• **What you have to do**: For this exercise, write out the full listing that follows exactly and skip its pictures.

• **Available data**:
━━━━━━━━━━━━━━━━━━━━

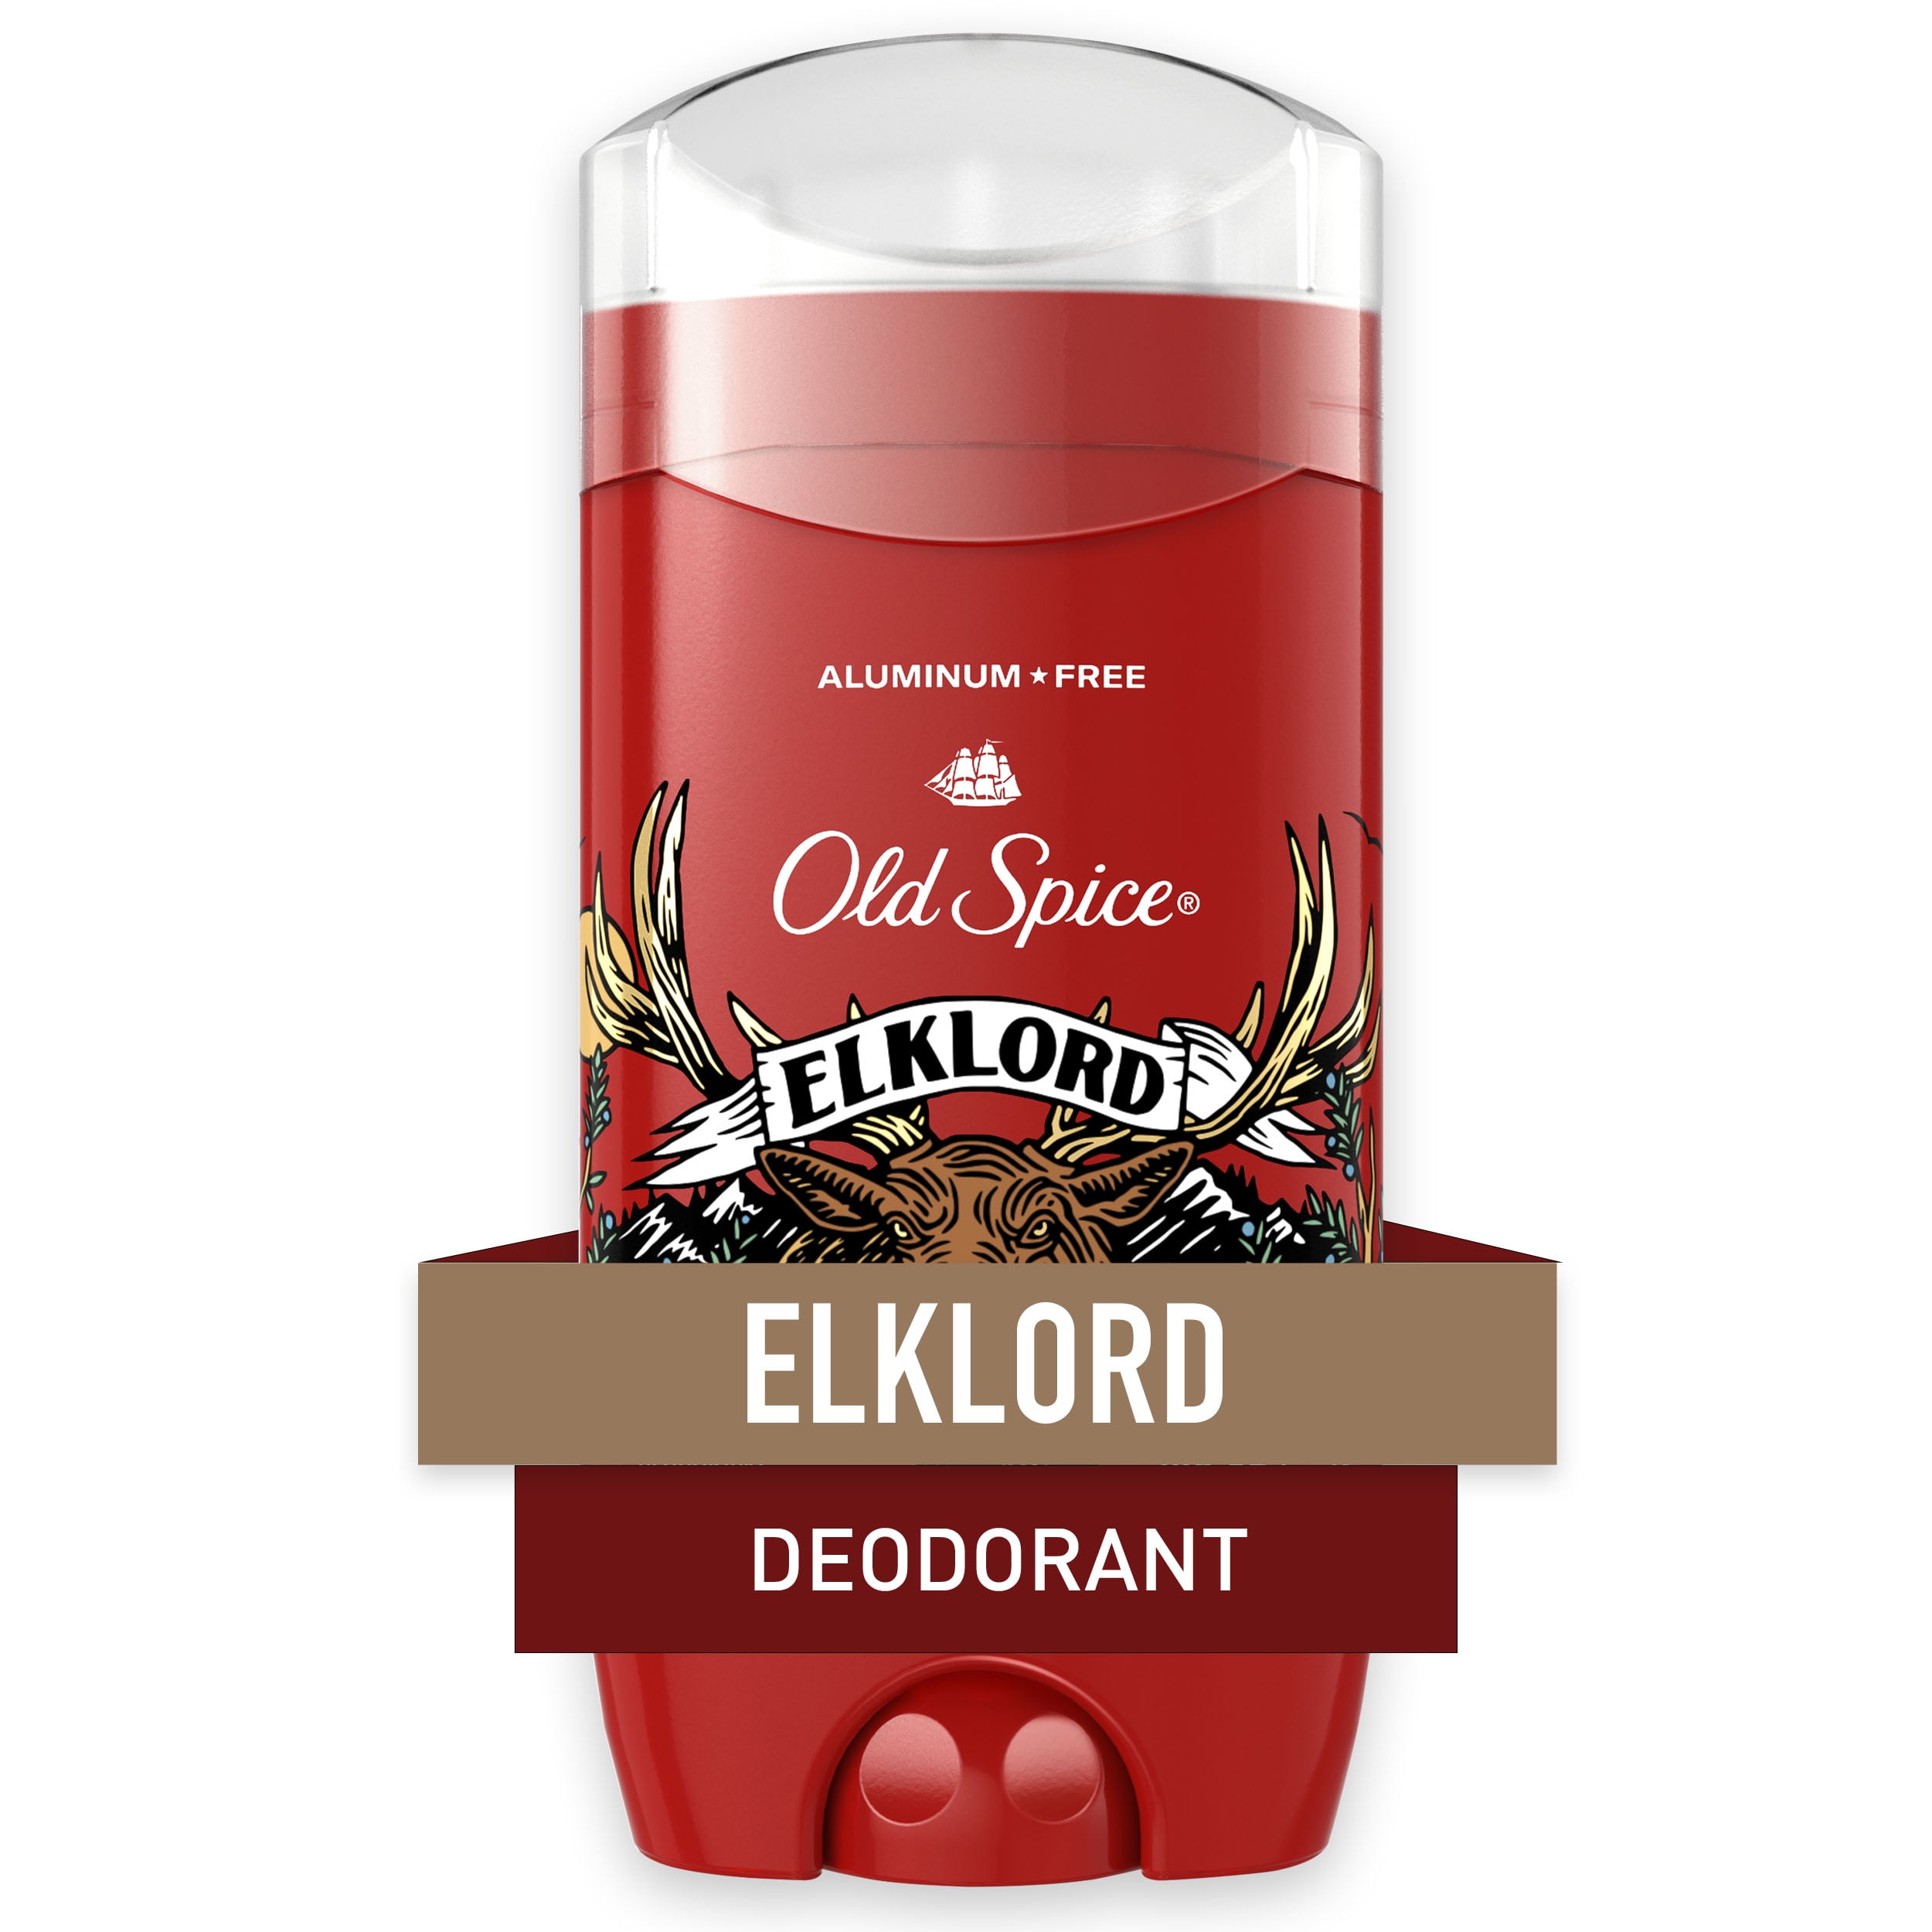 Old Spice Deodorant for Men, Aluminum Free, ElkLord, 3.0 oz
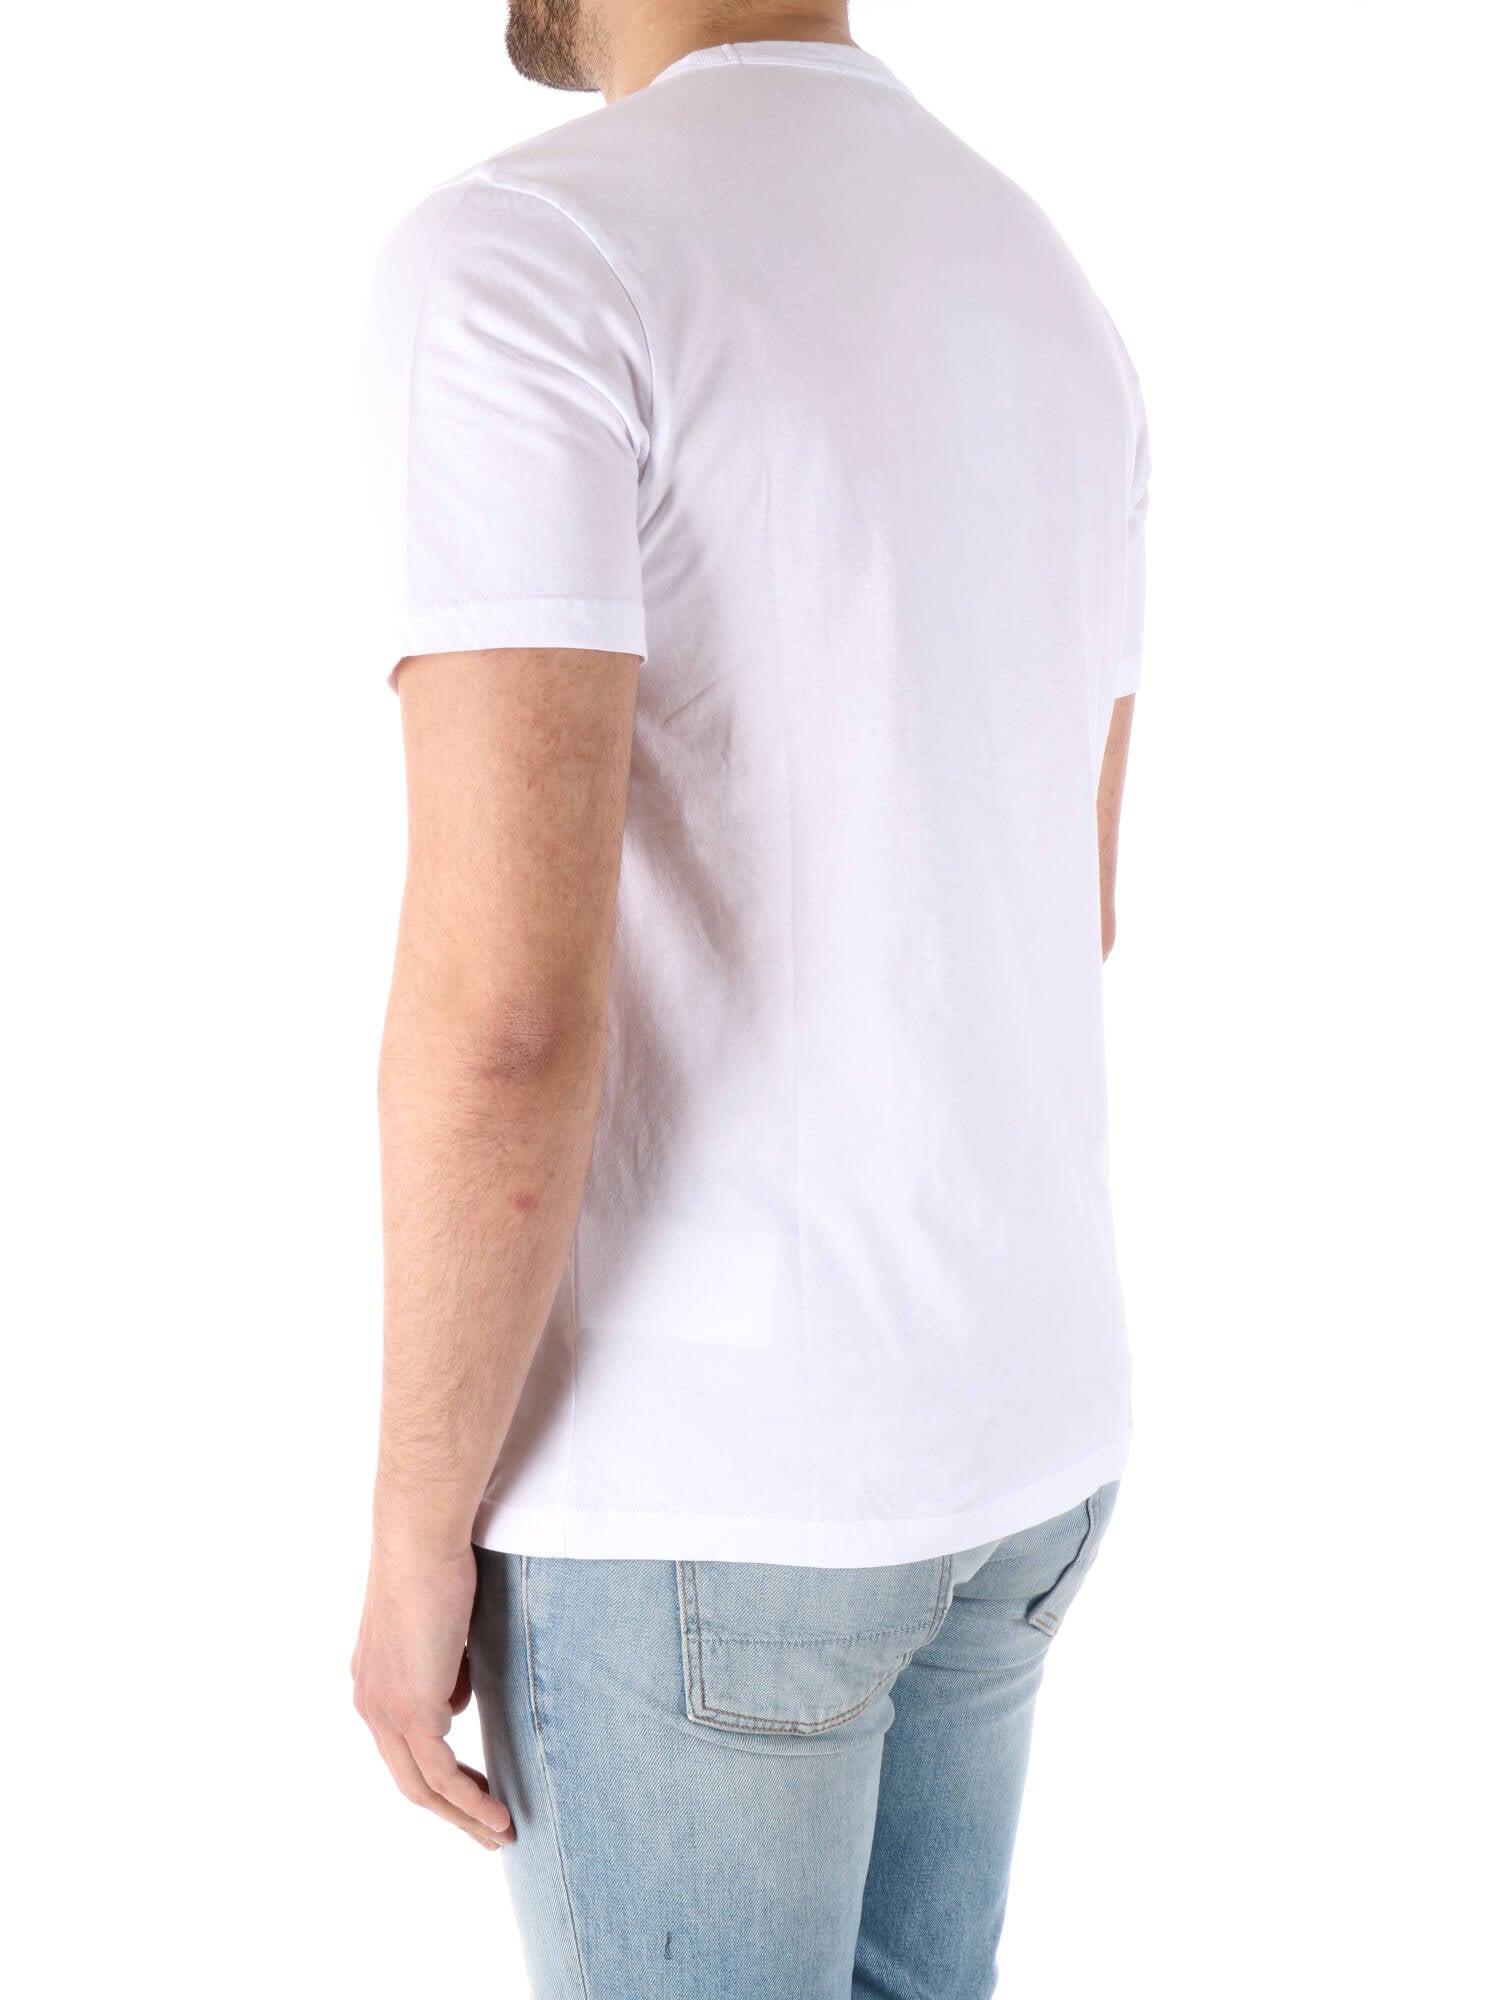 Woolrich t-shirt uomo bianca con logo
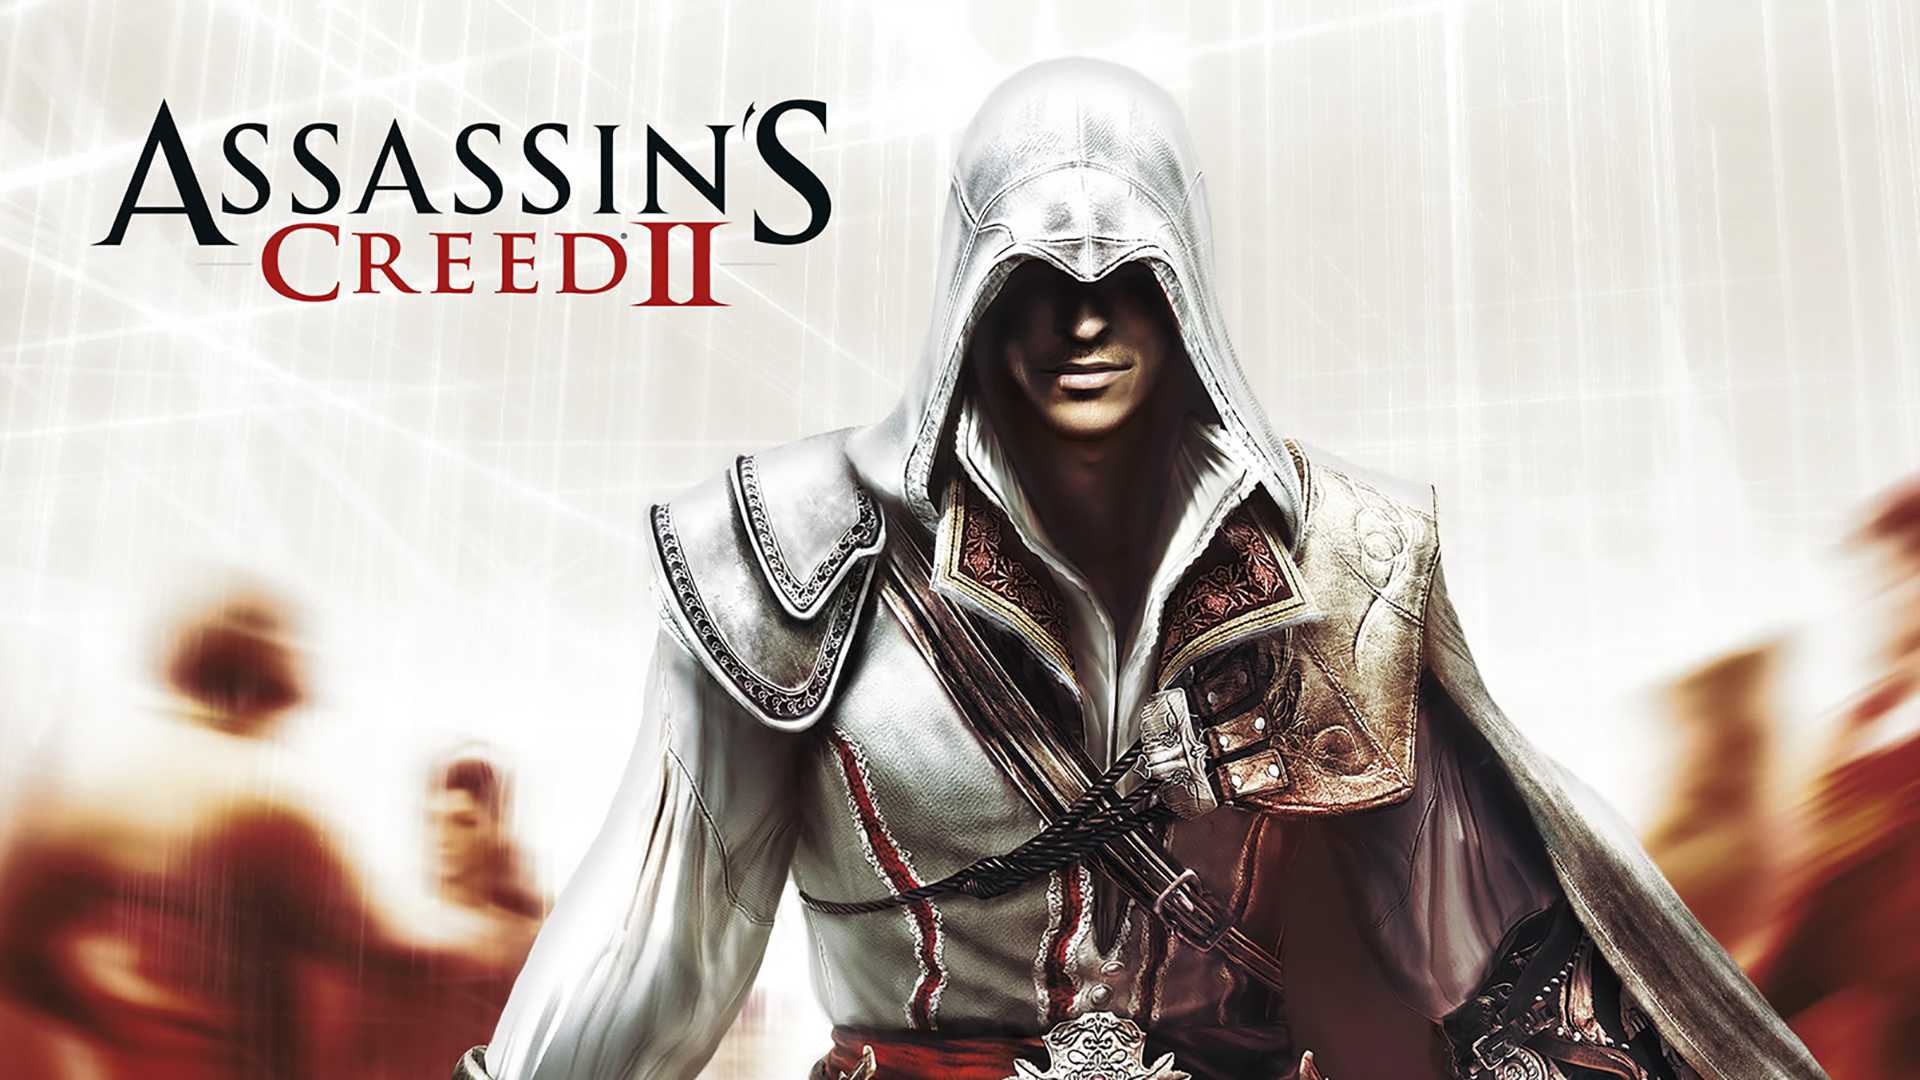 Assasın creed 2. Assassin’s Creed the Ezio collection. Эцио ассасин 2 Постер. Ассасин Крид 2 Делюкс эдишн. Ассасин Крид 2 Эцио.

━━━━━━━━━━━━━━━━━━━━

• **Output of the task**:
 Old Spice Deodorant for Men, Aluminum Free, ElkLord, 3.0 oz
 Woolrich t-shirt uomo bianca con logo
 Assasın creed 2. Assassin’s Creed the Ezio collection. Эцио ассасин 2 Постер. Ассасин Крид 2 Делюкс эдишн. Ассасин Крид 2 Эцио.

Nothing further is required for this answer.